DATA SECTION Start Marker

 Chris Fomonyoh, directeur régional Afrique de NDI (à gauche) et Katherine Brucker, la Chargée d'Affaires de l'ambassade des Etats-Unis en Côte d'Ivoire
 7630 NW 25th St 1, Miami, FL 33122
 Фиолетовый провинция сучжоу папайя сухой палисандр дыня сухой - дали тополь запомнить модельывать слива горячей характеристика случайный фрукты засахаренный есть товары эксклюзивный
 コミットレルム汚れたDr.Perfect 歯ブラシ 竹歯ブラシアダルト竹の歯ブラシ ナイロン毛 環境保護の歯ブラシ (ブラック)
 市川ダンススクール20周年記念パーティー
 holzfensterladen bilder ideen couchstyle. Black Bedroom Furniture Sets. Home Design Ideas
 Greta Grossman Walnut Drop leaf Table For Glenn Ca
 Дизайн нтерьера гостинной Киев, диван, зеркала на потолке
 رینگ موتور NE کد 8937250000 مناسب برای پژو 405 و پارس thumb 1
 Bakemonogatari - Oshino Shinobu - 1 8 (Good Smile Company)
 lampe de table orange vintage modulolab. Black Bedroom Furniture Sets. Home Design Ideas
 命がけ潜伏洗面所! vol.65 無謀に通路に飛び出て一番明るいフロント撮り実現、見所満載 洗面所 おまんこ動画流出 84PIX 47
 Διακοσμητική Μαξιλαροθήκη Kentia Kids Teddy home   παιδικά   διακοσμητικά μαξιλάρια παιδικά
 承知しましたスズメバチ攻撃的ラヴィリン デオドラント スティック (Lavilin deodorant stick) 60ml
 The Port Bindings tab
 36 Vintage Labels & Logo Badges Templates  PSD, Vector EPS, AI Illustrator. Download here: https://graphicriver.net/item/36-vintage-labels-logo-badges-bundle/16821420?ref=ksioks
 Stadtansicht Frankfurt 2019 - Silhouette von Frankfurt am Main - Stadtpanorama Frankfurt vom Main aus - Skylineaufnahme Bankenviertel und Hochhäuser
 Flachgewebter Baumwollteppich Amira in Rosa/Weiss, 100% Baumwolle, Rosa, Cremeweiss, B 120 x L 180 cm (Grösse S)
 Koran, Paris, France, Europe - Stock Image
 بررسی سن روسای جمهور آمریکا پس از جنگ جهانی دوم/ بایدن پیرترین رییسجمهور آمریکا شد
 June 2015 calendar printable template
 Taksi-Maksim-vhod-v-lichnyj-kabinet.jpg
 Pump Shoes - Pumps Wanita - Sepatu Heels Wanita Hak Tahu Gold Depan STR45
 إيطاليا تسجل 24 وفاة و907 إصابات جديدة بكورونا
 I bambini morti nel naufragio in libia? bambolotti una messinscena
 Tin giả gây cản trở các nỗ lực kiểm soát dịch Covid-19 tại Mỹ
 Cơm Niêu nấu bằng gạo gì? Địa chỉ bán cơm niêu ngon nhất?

DATA SECTION End Marker

**WHAT YOU HAVE TO DO:**
Set down, word for word, only the lines running from the line with "Pump Shoes - Pumps" to the last line of the listing above. Both of those lines belong in your answer.

**SOLUTION:**
 Pump Shoes - Pumps Wanita - Sepatu Heels Wanita Hak Tahu Gold Depan STR45
 إيطاليا تسجل 24 وفاة و907 إصابات جديدة بكورونا
 I bambini morti nel naufragio in libia? bambolotti una messinscena
 Tin giả gây cản trở các nỗ lực kiểm soát dịch Covid-19 tại Mỹ
 Cơm Niêu nấu bằng gạo gì? Địa chỉ bán cơm niêu ngon nhất?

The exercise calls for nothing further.